Performance with many INSERT ON CONFLICTs


(Chervine Majeri) #1

Hello,

We’re in process of migrating our application from sqlserver to cockroachdb, and we’re having big performance issues when doing many inserts.

We run a cluster of 3 cockroach nodes, with memory for cache and memory for sql queries both set at 35% (so 70% combined), running (in containers) on machines (VMs) with 10CPUs and 32GB of RAM, running on SSD.

For our application, we need to be able to insert a lot of rows initially (preferably as fast as possible) followed by a lot of periodic inserts (around 30k rows every 5-6 minutes or so). Some inserts will be updates of previously inserted data, and others are brand new (the proportion is about 40% inserts are actually updates, the rest are new inserts). We are unable on the application side to filter cases where it will be an update or a brand new insert without checking in DB.

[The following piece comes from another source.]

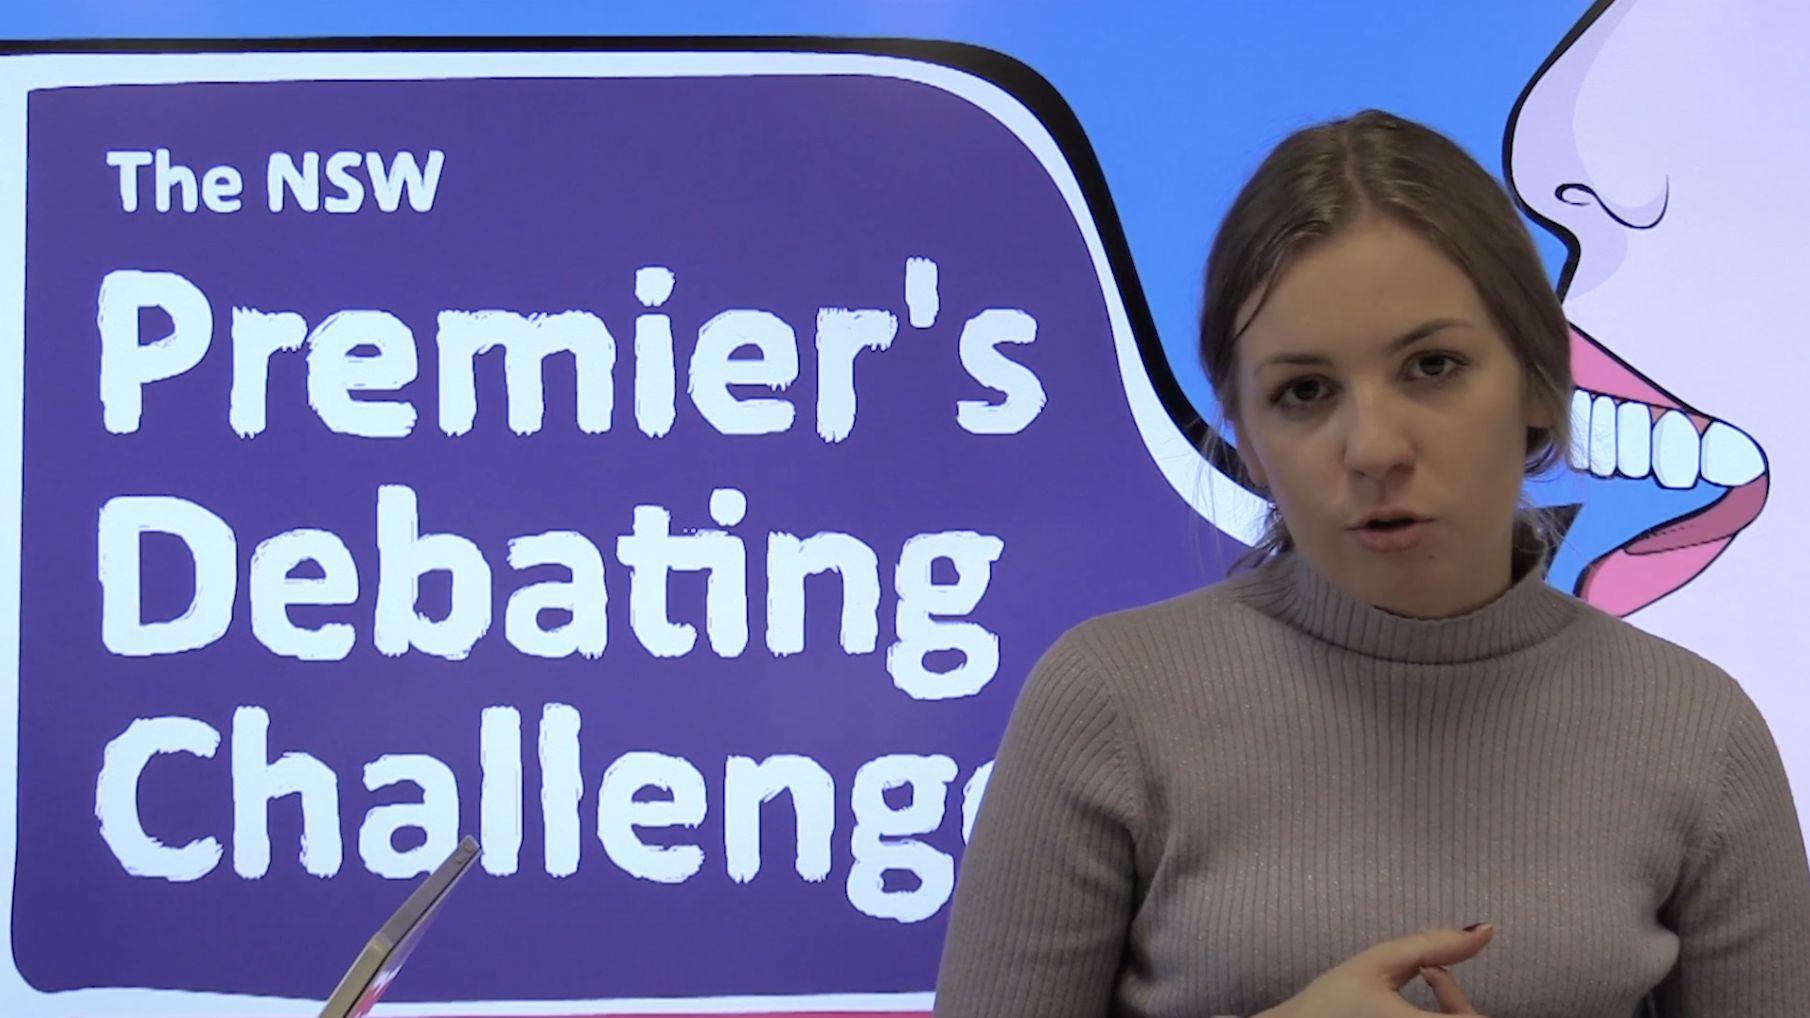 Defining a primary school debating topic – 9. with Elinor Stephenson
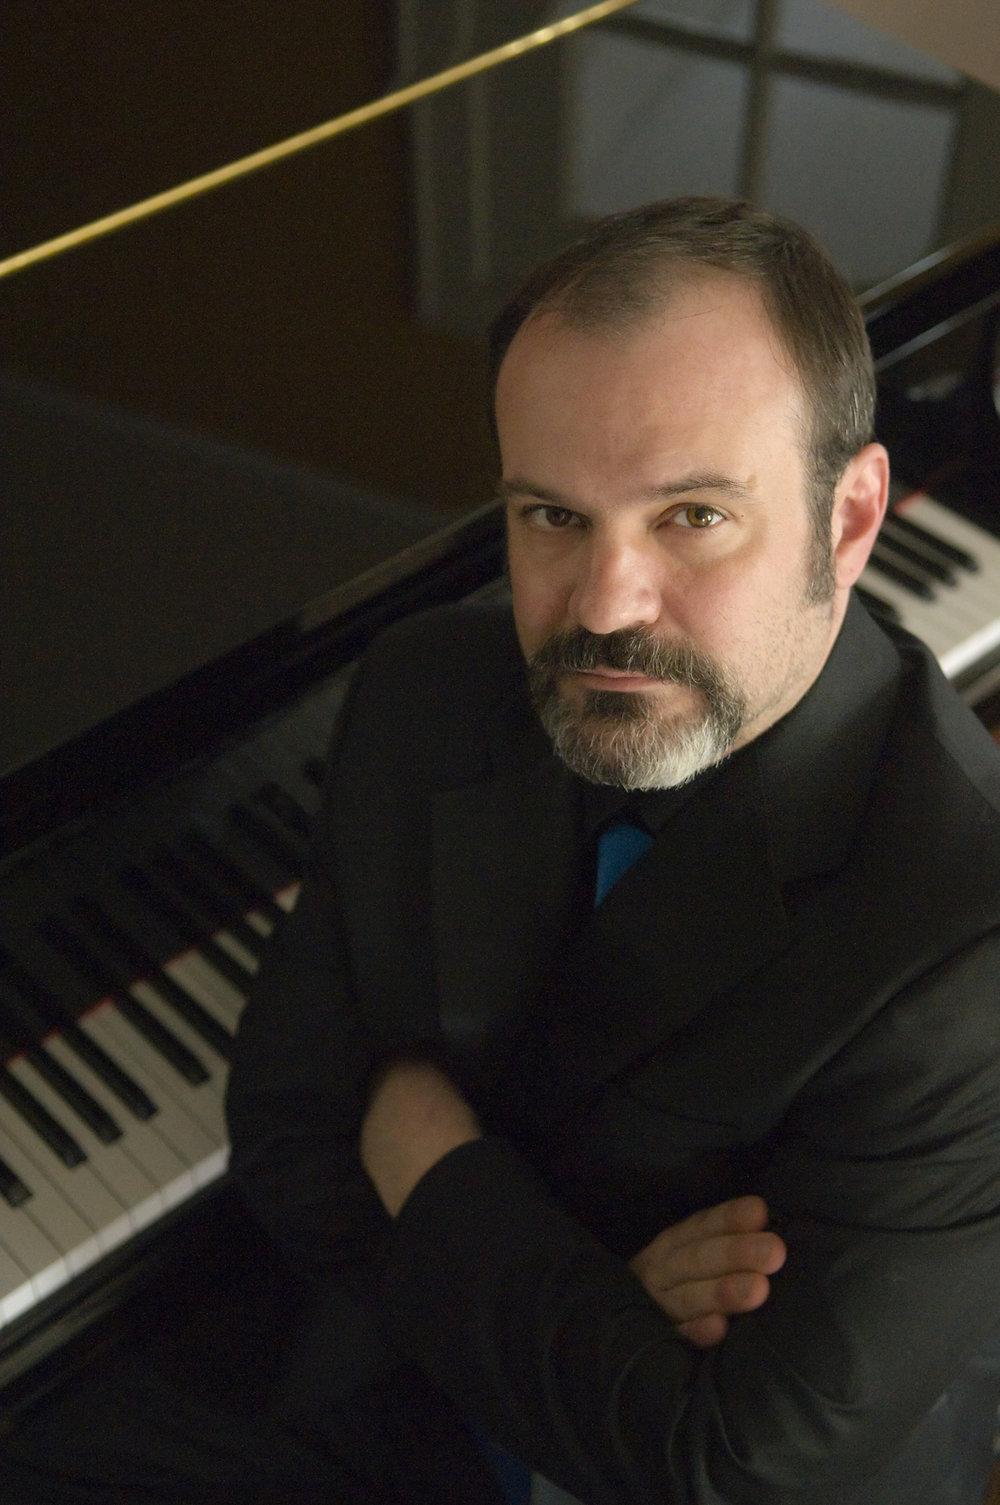 Alan Huckleberry

So the logical thing for us seemed to be grouping up our rows batch by batch and running one long “INSERT … ON CONFLICT” with all the values inside. This feels slower than I would have expected, even knowing that our table has 7 different indexes.

For instance, a batch of 500 rows will routinely take more than 10-20s to complete on a “small-ish” table of 180k rows, which is very small compared to the potentially tens of millions rows that the end table would have.

So I have a few questions, is this sort of performance normal, or is there something wrong with my nodes? I’m currently not loadbalancing across nodes, and simply sending all my requests to the same one.
I’ve set the trace option to see what part of the queries take the most time, and there’s a lot of “waited Xs for overlapping requests”, but our batches are sent one by one, and there is no overlap inside one batch (all the rows have distinct primary key, no value in the batch will conflict with another one in the same batch), is this expected?

How could I possibly increase performance? Spin up more nodes? load balance my write requests? Is there maybe some way that I could hint at cockroach as to what I need to do?

Thanks.


(Tim O'Brien) #2

Hey @CMajeri,

It’s difficult to draw conclusions without specifics, but 40ms per insert is definitely on the long end. To really dig in, we’d need to know:

  • How is the cluster provisioned? (i.e.: # of cores and their speed, available memory, disk type and speed)
  • How many nodes are there? What is the replication factor, and where are the nodes located?
  • What is the schema?

I suspect that you’re running into transaction contention based on the waiting for overlapping requests message. Usually this happens because the primary key is sequential, which means that your throughput is limited by the resources on a single node. But I’ll wait to hear more about your setup before drawing conclusions.


(Chervine Majeri) #3

The cluster is 3 VMs of 10CPUs with 3.1GHz each, 32GB of RAM (for system) with 70% that cockroach can access freely (35% cache, 35% sql queries memory), with 600GB SSD disks (I don’t know about speed, but decent enough).

The replication factor is 3, for 3 VMs.

Initially, the queries were all sent to the same VM.

The schema is this :

(
hash STRING,
idx INT4, 
owner STRING,
marked_hash STRING,
marked_idx INT4 NOT NULL,
timestamp TIMESTAMPTZ,
marked_timestamp TIMESTAMPTZ,
pinned BOOL NOT NULL,
PRIMARY KEY (hash, idx),
INDEX(marked_hash),
INDEX(owner, marked_idx),
INDEX(owner, timestamp),
INDEX(owner, marked_timestamp),
INDEX(pinned, timestamp, marked_idx),
INDEX(pinned, timestamp),
INDEX(owner, pinned)
).

As they get marked, previously unmarked objects are updated with reference to where they were marked, hence the upsert.

I have since updated the way I handle Upserts, and rather than doing INSERT … ON CONFLICT on a large batch, I first run a large transaction with many UPDATE statements, and then one with many INSERT statements with ON CONFLICT DO NOTHING. This seems to work WAY better, with writes being about 10ms each. With my workload, I do not specifically need the upsert to be all atomic so things work out in the end, but it still feels odd.
When I distribute the load parallelly across nodes instead of just sending them to a single one, performance increases even further than that, with a batch of 300 taking less than a second even though the table is more than 100 million rows.

With my “new way” of doing upserts, things go much better, without any query taking longer than a second, but I don’t quite know why just yet.